* _What to work on_: Drop the pictures and restate the rest of the listing word for word.

* _Information shown_:
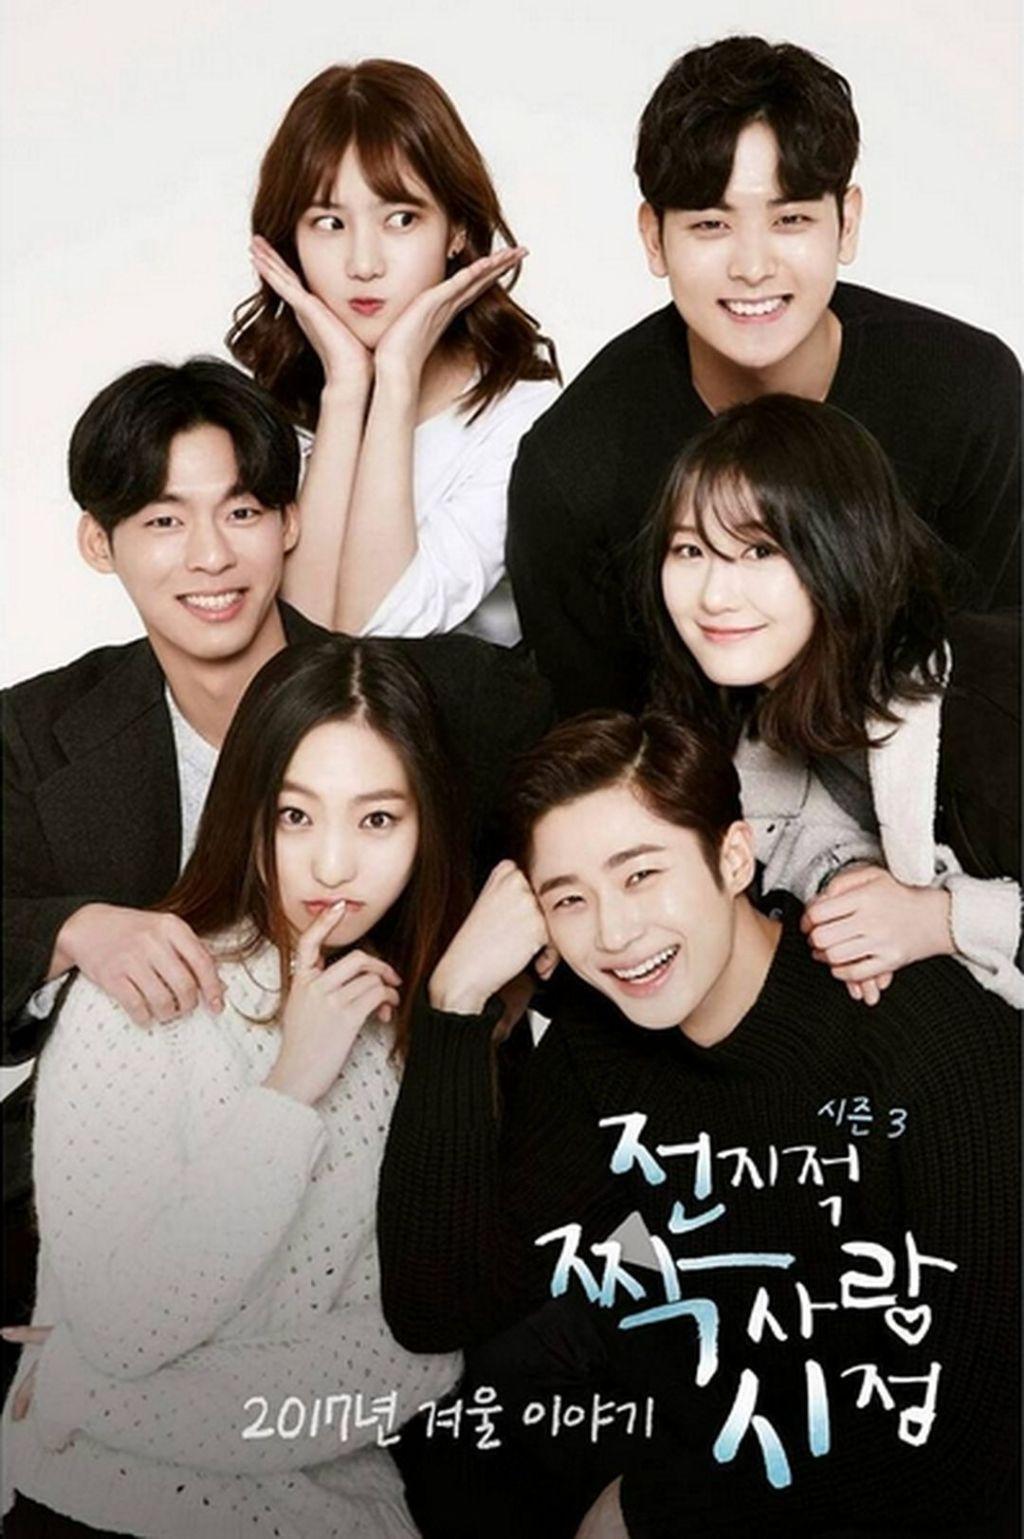 Sinopsis Dan Profil Lengkap Pemeran K-Drama Secret Crushes Season 3 (2017)
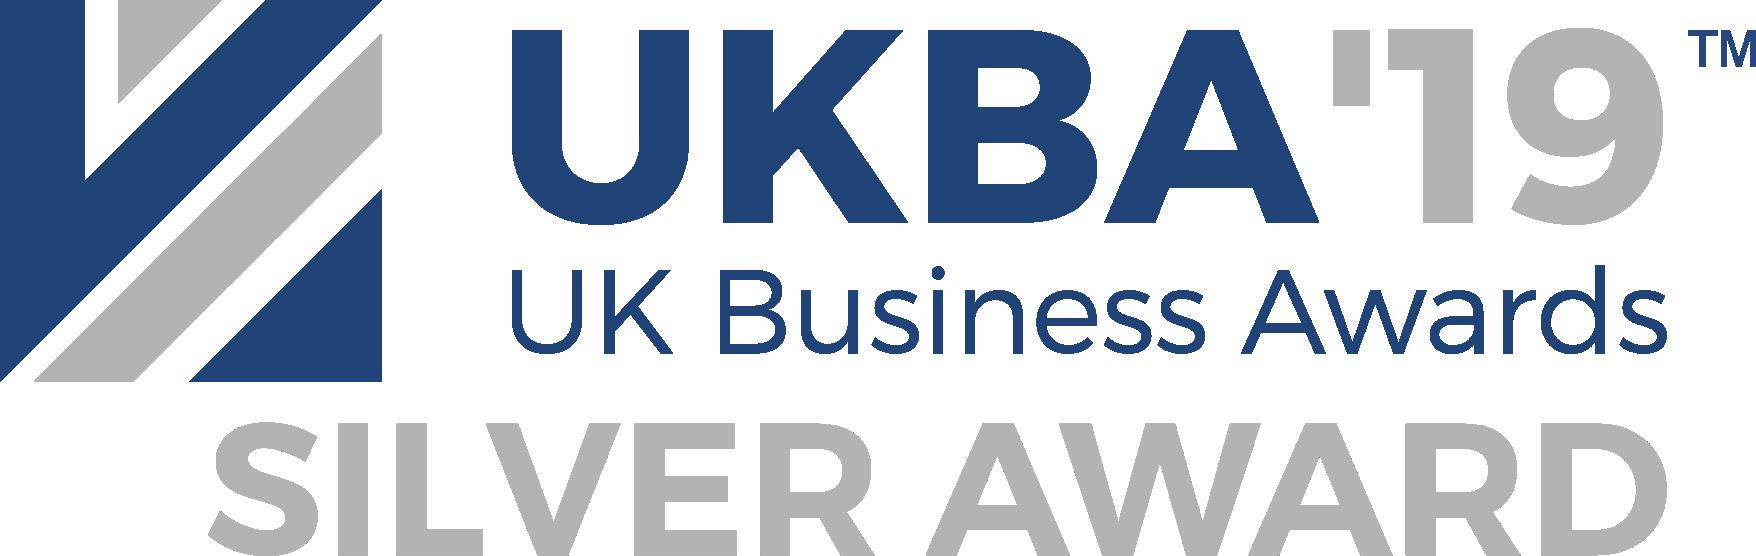 UKBA19 Silver Award
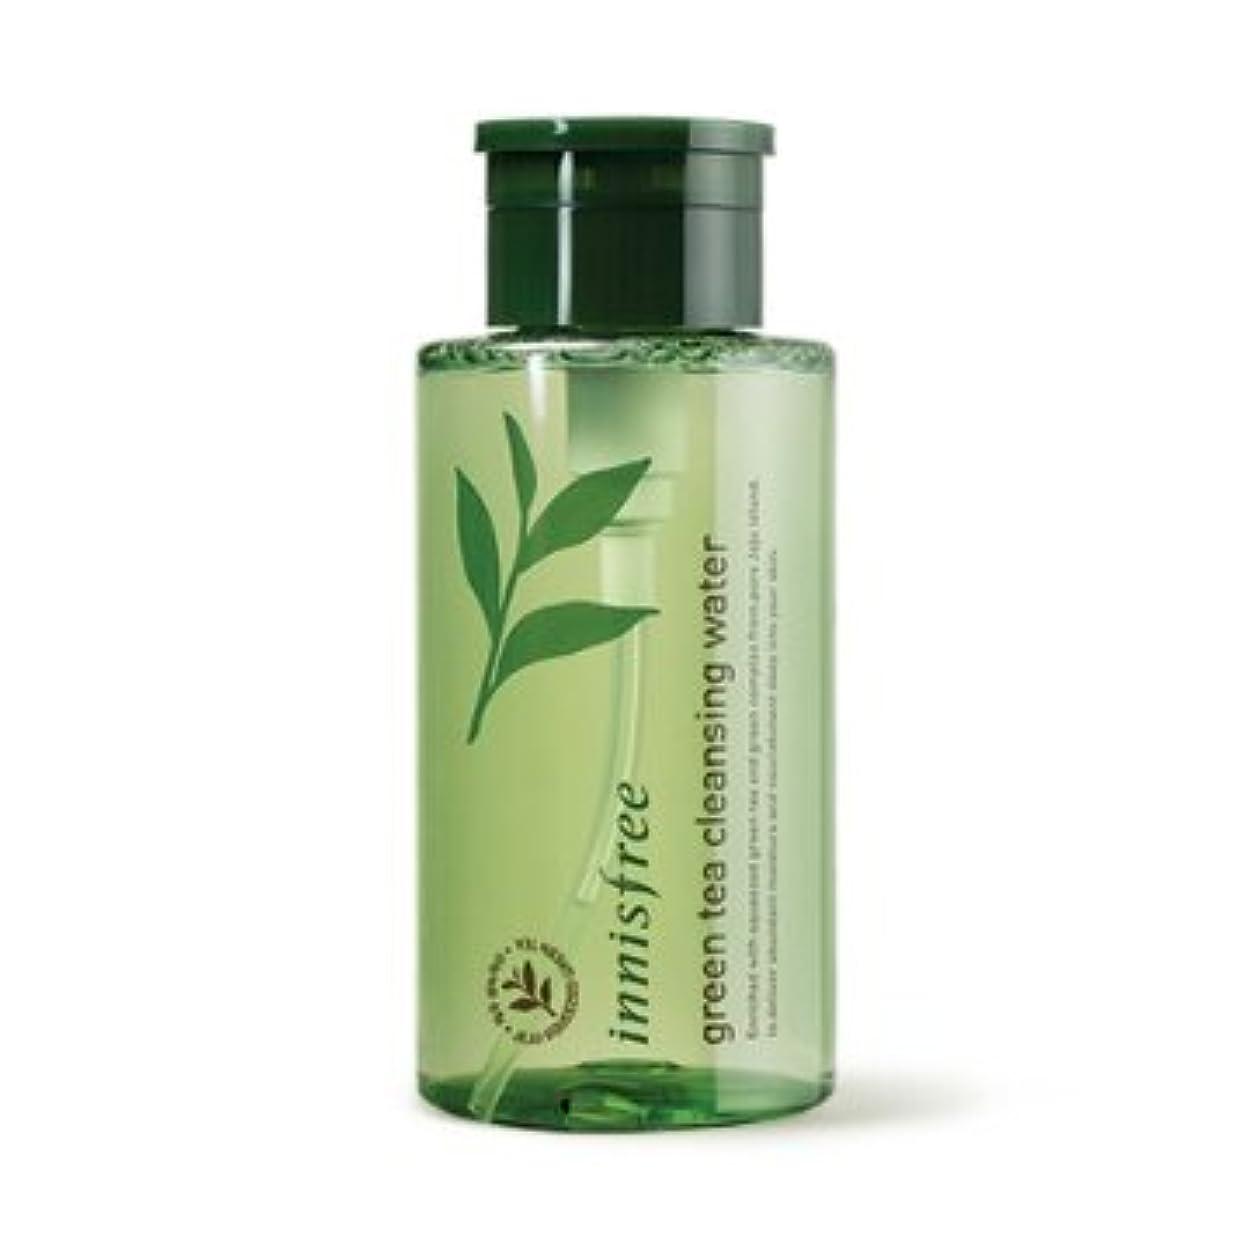 ガウンレポートを書く想像する【イニスフリー】Innisfree green tea cleansing water - 300ml(300ml (韓国直送品) (SHOPPINGINSTAGRAM)

* _Solution to this exercise_:
 Sinopsis Dan Profil Lengkap Pemeran K-Drama Secret Crushes Season 3 (2017)
 UKBA19 Silver Award
 ガウンレポートを書く想像する【イニスフリー】Innisfree green tea cleansing water - 300ml(300ml (韓国直送品) (SHOPPINGINSTAGRAM)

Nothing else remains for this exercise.